Jonathan Cameron wrote:

Thanks for taking the time Jonathan, this really helps.

[..]
> We can do analysis of whether the interfaces are suitable etc but
> have no access to test hardware or emulation. I guess I can hack something
> together easily enough. Today ndctl has some support. Interestingly the model
> is different from typical volatile scrubbing as it's all on demand - that
> could be easily wrapped up in a software scrub scheduler though, but we'd need
> input from you and other Intel people on how this is actually used. 
> 
> The use model is a lot less obvious than autonomous scrubbers - I assume because
> the persistence means you need to do this rarely if at all (though ARS does
> support scrubbing volatile memory on nvdimms)
> 
> So initial conclusion is it would need a few more controls or it needs
> some software handling of scan scheduling to map it to the interface type
> that is common to CXL and RAS2 scrub controls.
> 
> Intent of the comment was to keep scope somewhat confined, and to 
> invite others to get involved, not to rule out doing some light weight
> analysis of whether this feature would work for another potential user
> which we weren't even aware of until you mentioned it (thanks!).

Ok, Fair enough.

> > > Regarding RASF patrol scrub no one cared about it as it's useless and
> > > any new implementation should be RAS2.  
> > 
> > The assertion that "RASF patrol scrub no one cared about it as it's
> > useless and any new implementation should be RAS2" needs evidence.
> > 
> > For example, what platforms are going to ship with RAS2 support, what
> > are the implications of Linux not having RAS2 scrub support in a month,
> > or in year? There are parts of the ACPI spec that have never been
> > implemented what is the evidence that RAS2 is not going to suffer the
> > same fate as RASF? 
> 
> From discussions with various firmware folk we have a chicken and egg
> situation on RAS2. They will stick to their custom solutions unless there is
> plausible support in Linux for it - so right now it's a question mark
> on roadmaps.

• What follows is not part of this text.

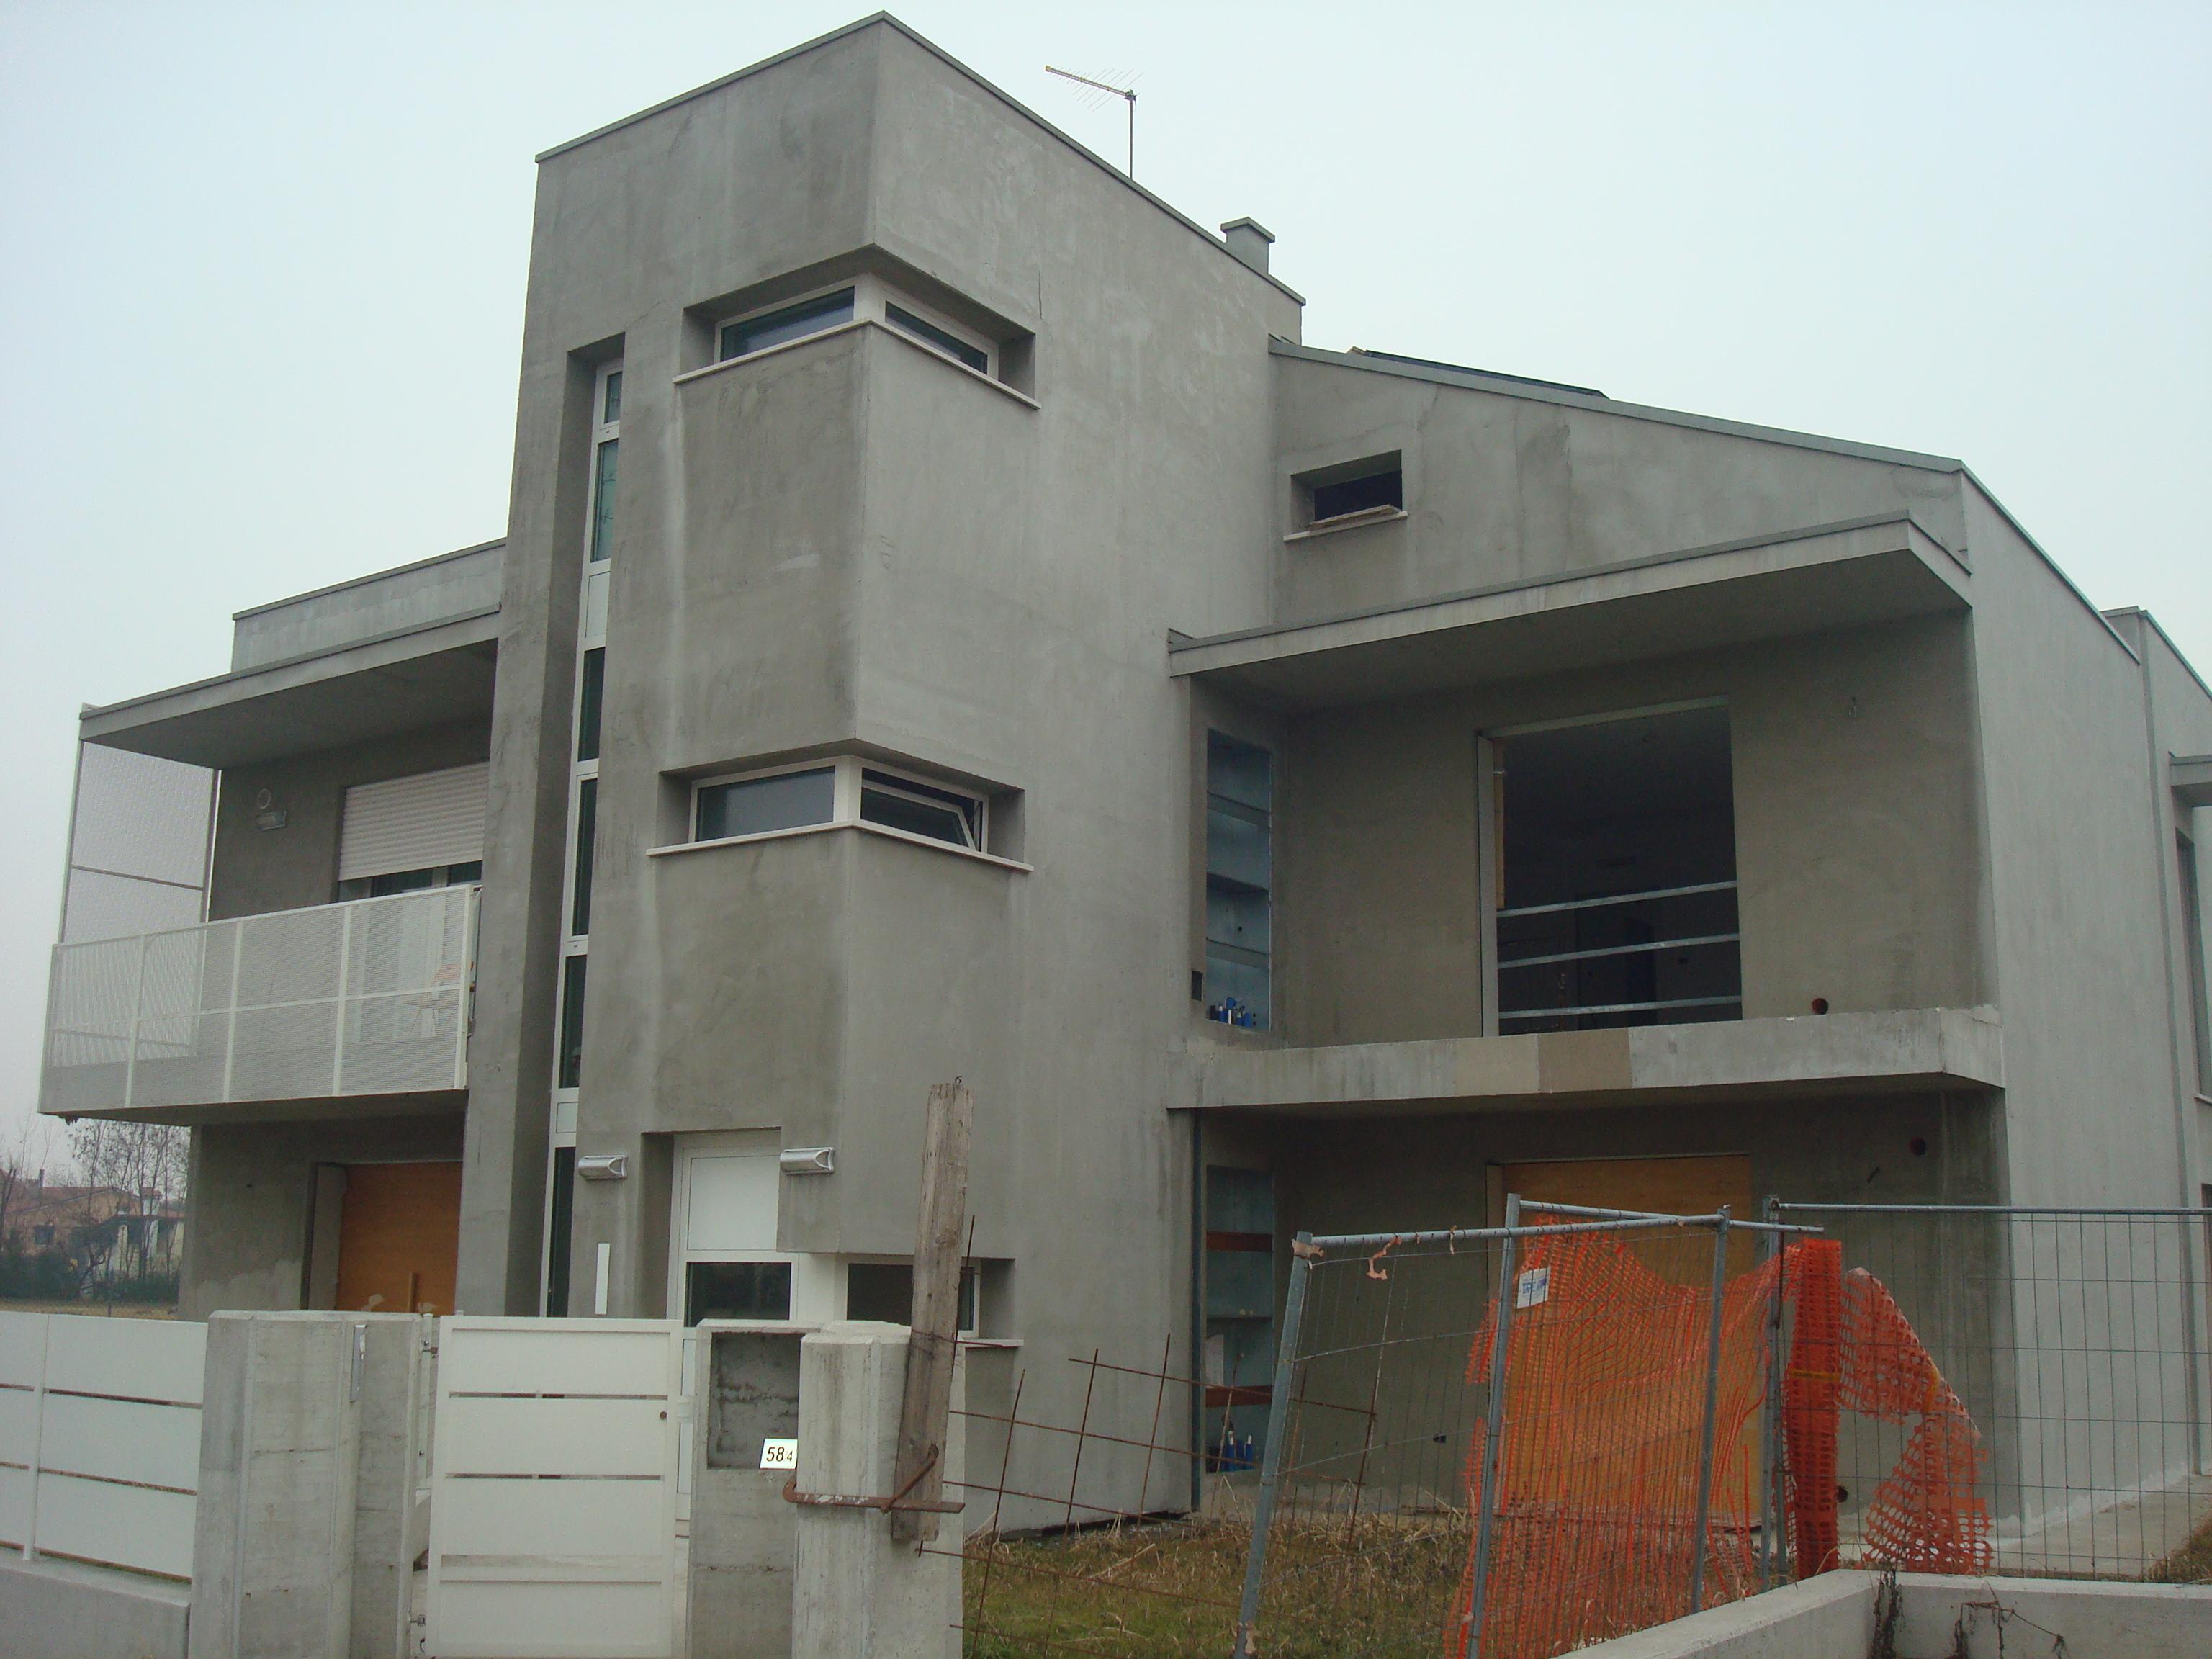 Soluzione immobiliareSoluzione immobiliare

Trying to get rid of that question mark is why Shiju and I
> started looking at this in the first place. To get rid of that question
> mark we don't necessarily need to have it upstream, but we do need
> to be able to make the argument that there will be a solution ready
> soon after they release the BIOS image.  (Some distros will take years
> to catch up though).
> 
> If anyone else an speak up on this point please do. Discussions and
> feedback communicated to Shiju and I off list aren't going to
> convince people :(
> Negatives perhaps easier to give than positives given this is seen as
> a potential feature for future platforms so may be confidential.

So one of the observations from efforts like RAS API [1] is that CXL is
definining mechanisms that others are using for non-CXL use cases. I.e.
a CXL-like mailbox that supports events is a generic transport that can
be used for many RAS scenarios not just CXL endpoints. It supplants
building new ACPI interfaces for these things because the expectation is
that an OS just repurposes its CXL Type-3 infrastructure to also drive
event collection for RAS API compliant devices in the topology.

[1]: https://www.opencompute.org/w/index.php?title=RAS_API_Workstream

So when considering whether Linux should build support for ACPI RASF,
ACPI RAS2, and / or Open Compute RAS API it is worthwile to ask if one
of those can supplant the others.

Speaking only for myself with my Linux kernel maintainer hat on, I am
much more attracted to proposals like RAS API where native drivers can
be deployed vs ACPI which brings ACPI static definition baggage and a
3rd component to manage. RAS API is kernel driver + device-firmware
while I assume ACPI RAS* is kernel ACPI driver + BIOS firmware +
device-firmware.

In other words, this patch proposal enables both CXL memscrub and ACPI
RAS2 memscrub. It asserts that nobody cares about ACPI RASF memscrub,
and your clarification asserts that RAS2 is basically dead until Linux
adopts it. So then the question becomes why should Linux breath air into
the ACPI RAS2 memscrub proposal when initiatives like RAS API exist?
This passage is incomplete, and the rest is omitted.